In the podcast, she says she is delighted with her new found wealth and fame and doesn’t believe it affects her working class status. Middle class people, she thinks, are more preoccupied with consolidation.

“You can always tell the working class person made good because if they take someone to a restaurant they will always pay the bill because they remember what it’s like to be poor. You become Falstaff, whereas the middle classes say ‘no I’m going to invest it, I’ve simply put it into a high yield bond for twenty years’.”

She also warned against cynicism, saying it betrays “a fear of optimism”.

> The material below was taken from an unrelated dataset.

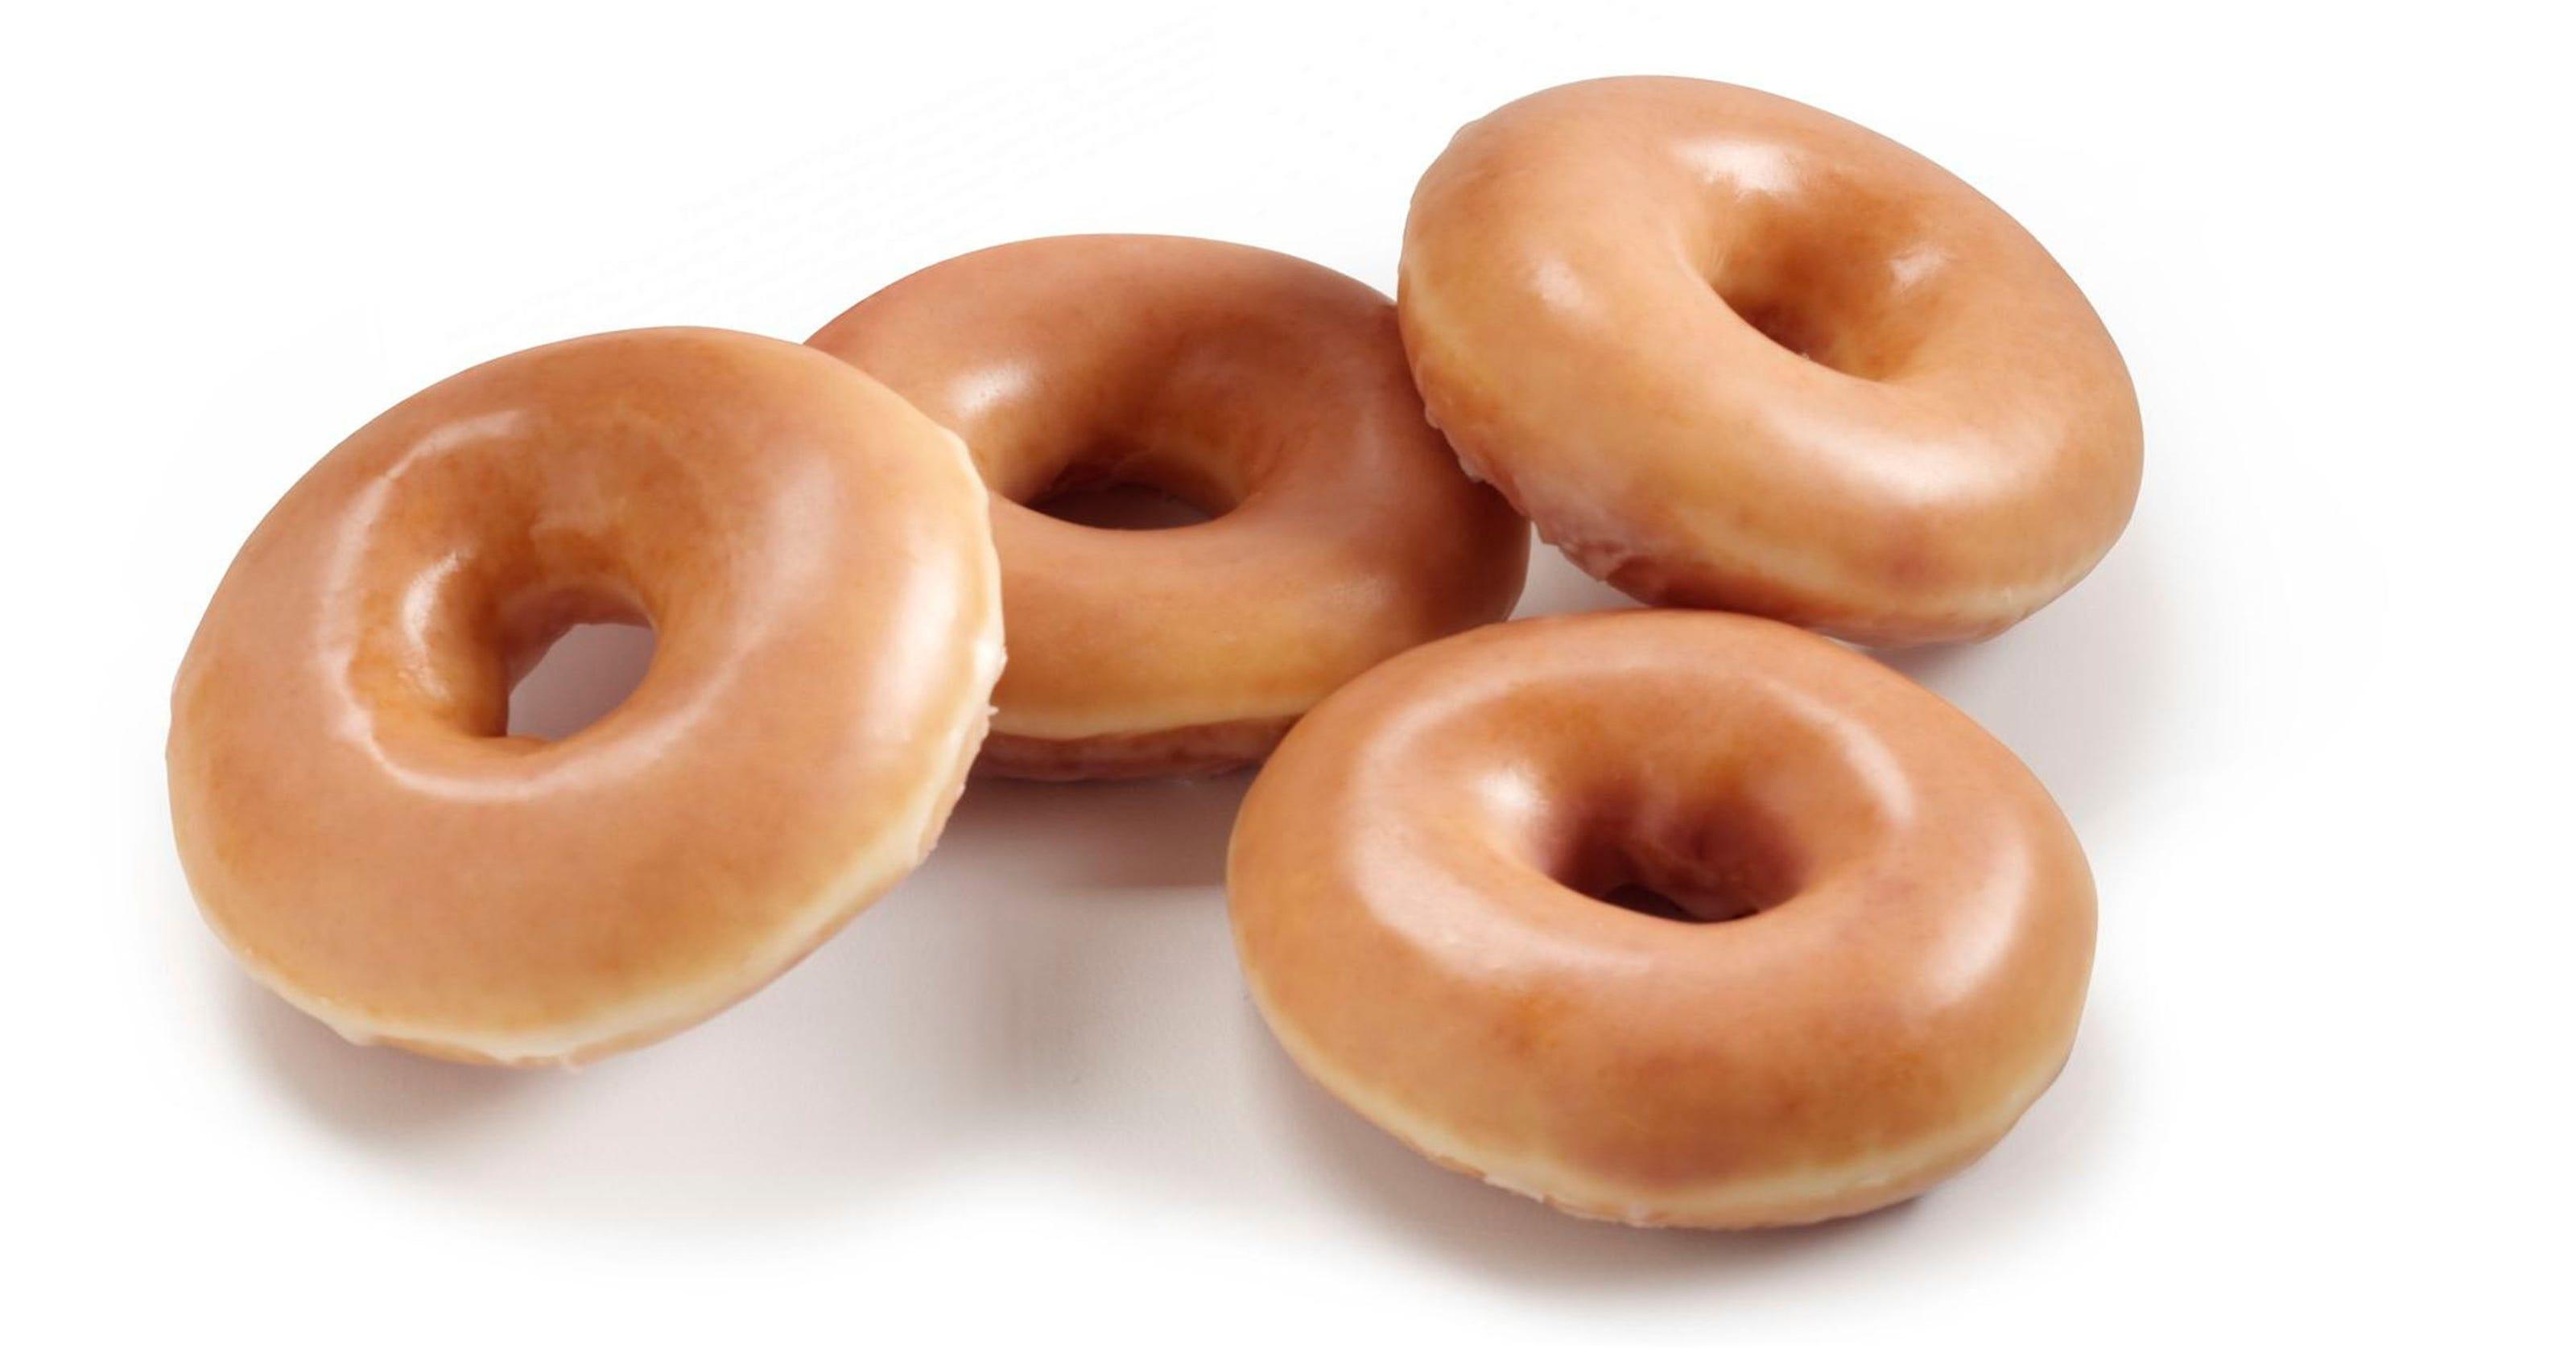 Free doughnuts from Krispy Kreme on Tuesday

Her new book How to Build a Girl is about growing up and feeling uncertain, and Moran hopes young girls will “attend those feelings inside them”. Two sequels are to come.

The author’s work has been hailed as game changing by some, and middlebrow and “feminist lite” by others. Moran says she has little time for factions within feminism, suggesting it’s a misappropriation of the “Queen Bee syndrome” - that only one woman can predominate at any time.

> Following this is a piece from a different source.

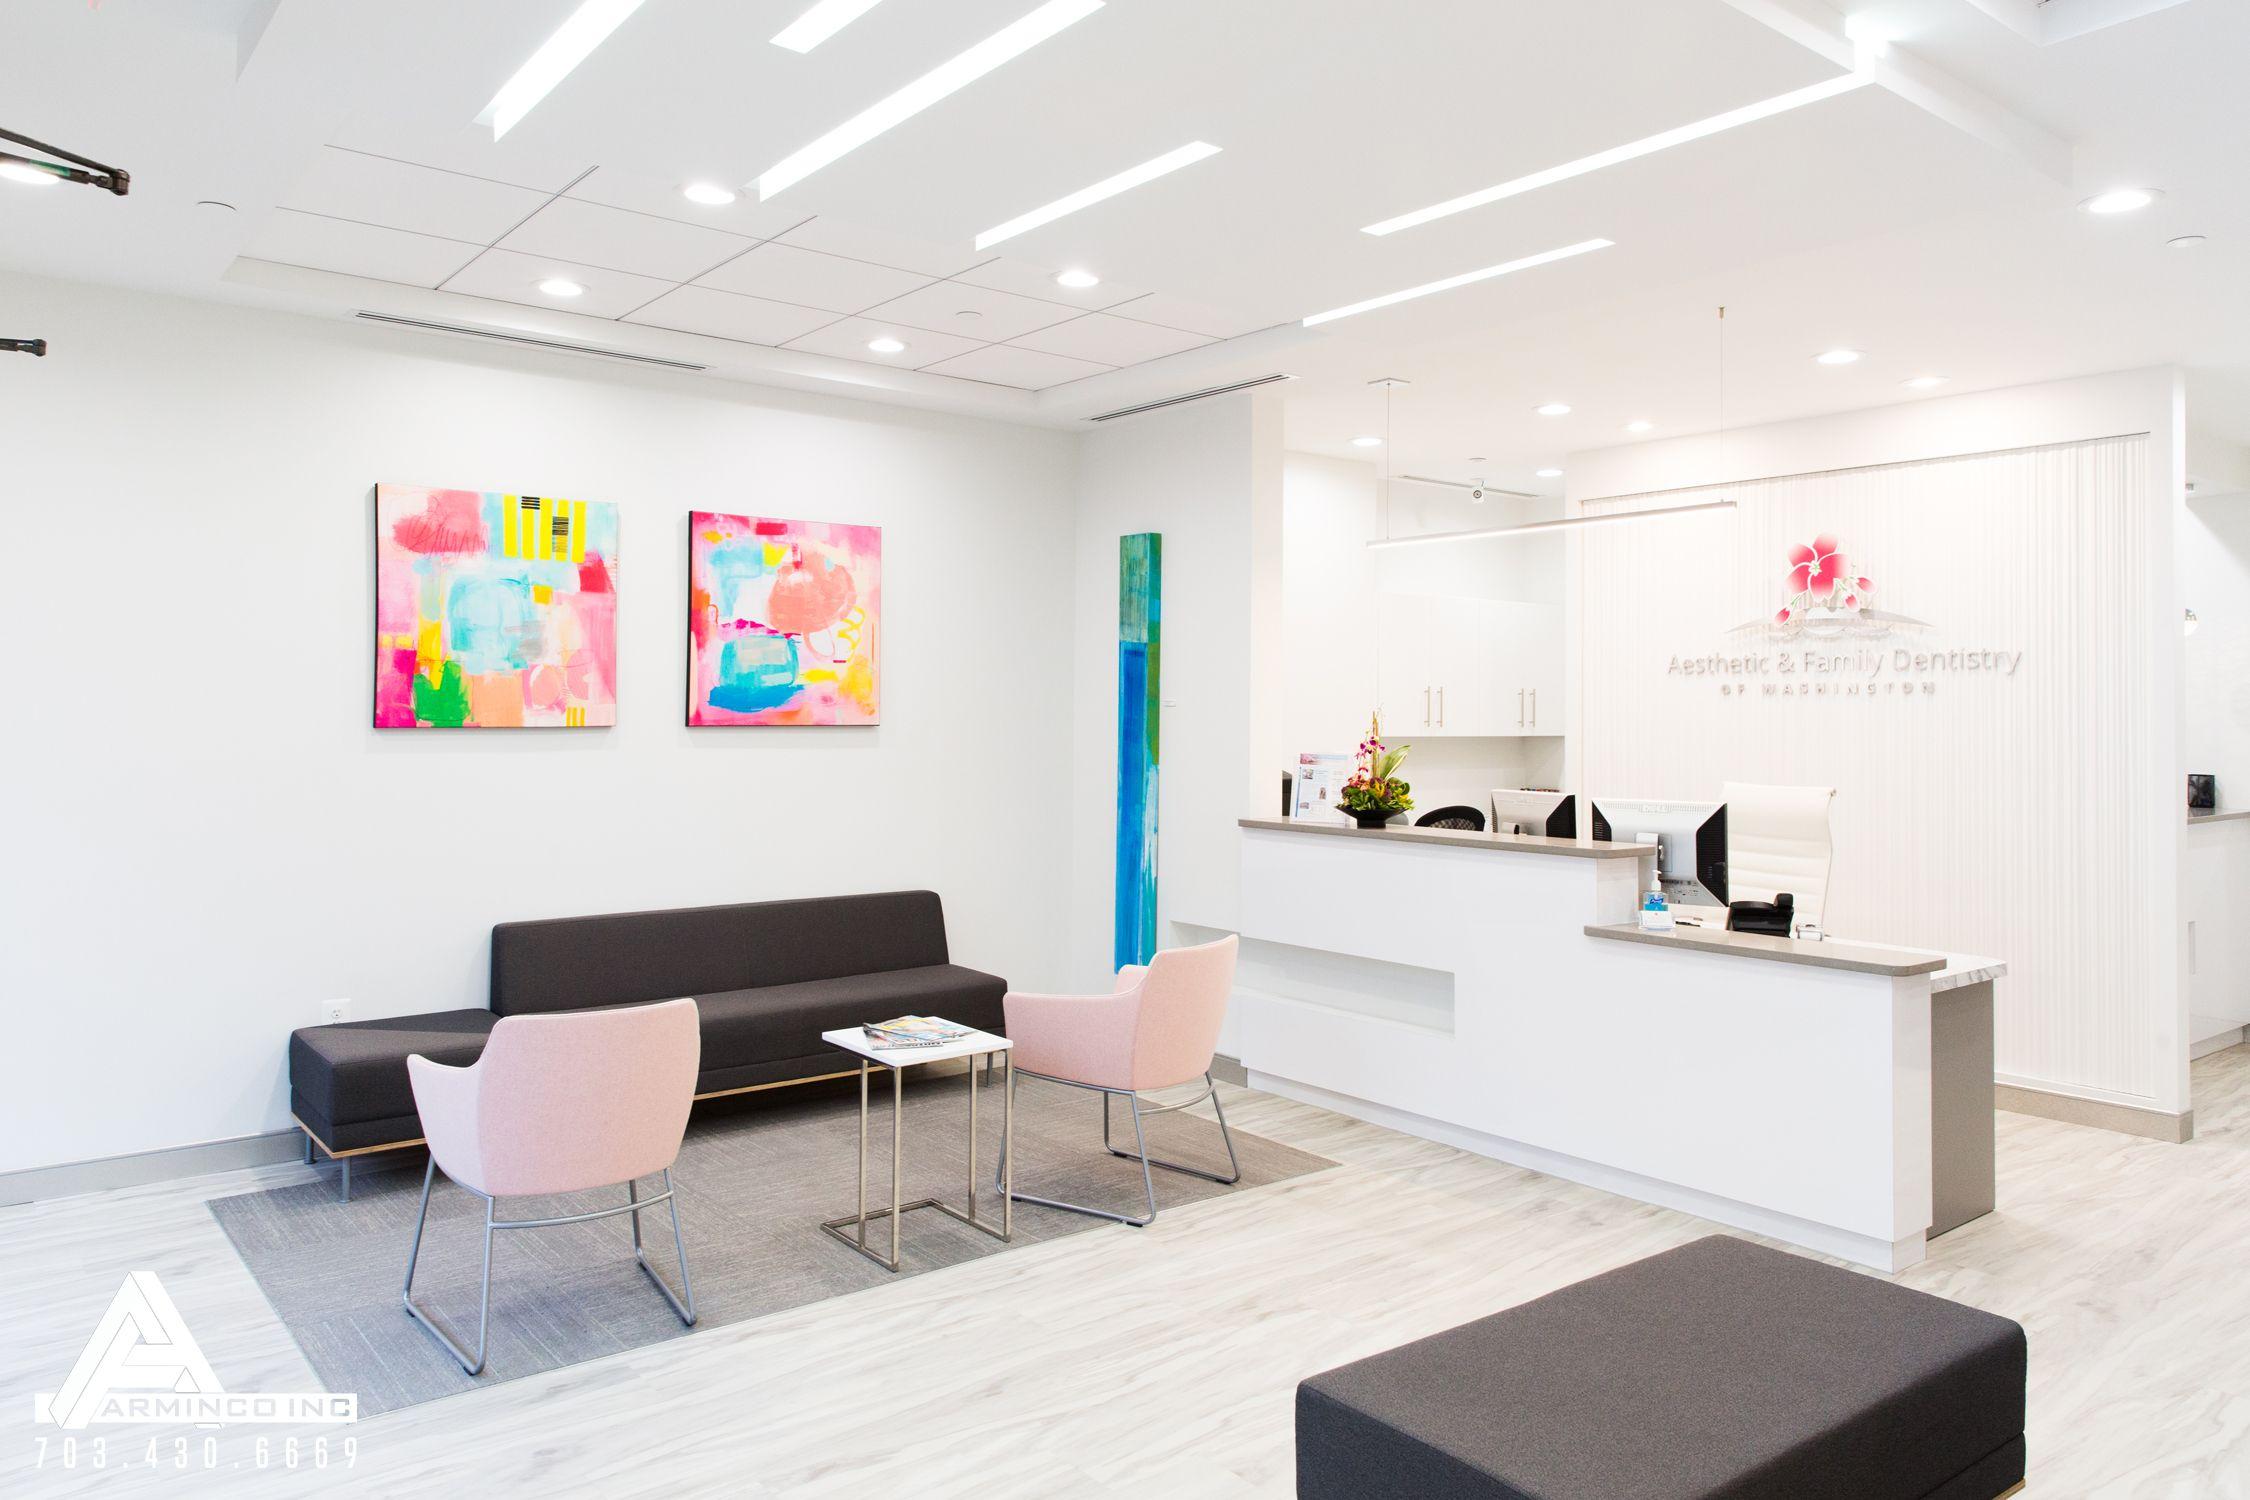 Arminco Inc- A Full Service Architectural Design Studio, Construction Management Firm,

“Feminism is not something where we’re waiting for one super god woman to come along and solve everything,” she says.

Masturbation features prominently within her new book. Moran is keen to dismiss the idea that it is a male only subject. In her experience fantasies are a constant theme discussed among female friends.

“Actually I want to masturbate until my fingers go down to the bone.”

Caitlin Moran plays Vicar Street tonight at 7.30pm.